Subsequently, we validated the established model. In the validation cohort, it succeeded completing validation within the dataset (Figure 4B). We also verified the fitting conditions of each feature in various validation tests (Figure 4C) and model achieved a diagnostic accuracy of 89.3% for DCM (Figure 4D).

Core genes most closely associated with DCM

To identify the core genes most closely associated with DCM, we constructed a PPI network for the turquoise module genes (Figure 5A), from which we selected 10 core genes (Figure 5B). Subsequently, a Venn analysis was performed between these 10 core genes and the 8 core genes identified by the machine learning algorithms, which yielded the HSPA8 gene. This gene may be the core gene with the closest association with DCM (Figure 5C).

Figure 5 Intersection of genes selected by the different methods. (A,B) PPI network of the turquoise module. (C) Intersection of hub genes selected from the PPI network and genes selected by machine learning algorithms. PPI, protein-protein interaction.
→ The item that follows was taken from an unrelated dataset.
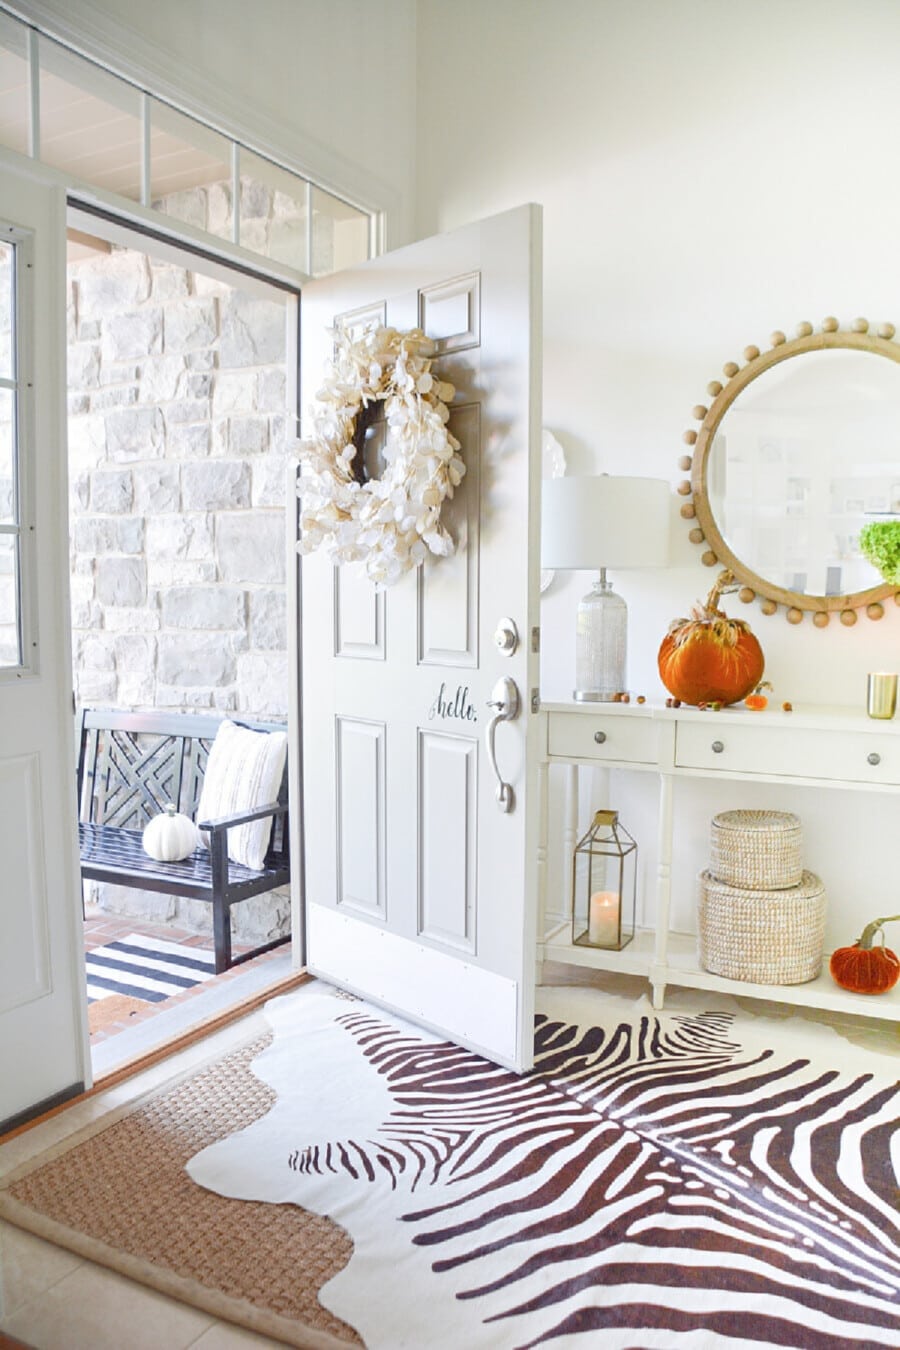 100+ Inspiring Fall Ideas, More Fall Decorating, Applesauce Bread Recipe, And the Rule Of Three

The diagnostic efficacy of HSPA8 for DCM

To verify the expression of HSPA8 in the samples, this study analyzed the expression levels of HSPA8 in the GSE42955, GSE3586, and GSE120895 datasets, finding that the expression level of HSPA8 in patients with DCM was significantly higher than that in the normal population (Figure 6A). Subsequently, based on five external datasets (GSE57338, GSE5406, GSE116250, GSE42955, and GSE19303), we employed receiver operating characteristic (ROC) curve analysis to evaluate the diagnostic efficacy of HSPA8 for DCM. This yielded an area under the ROC curve of 0.954, indicating that HSPA8 has extremely high diagnostic value for DCM (Figure 6B).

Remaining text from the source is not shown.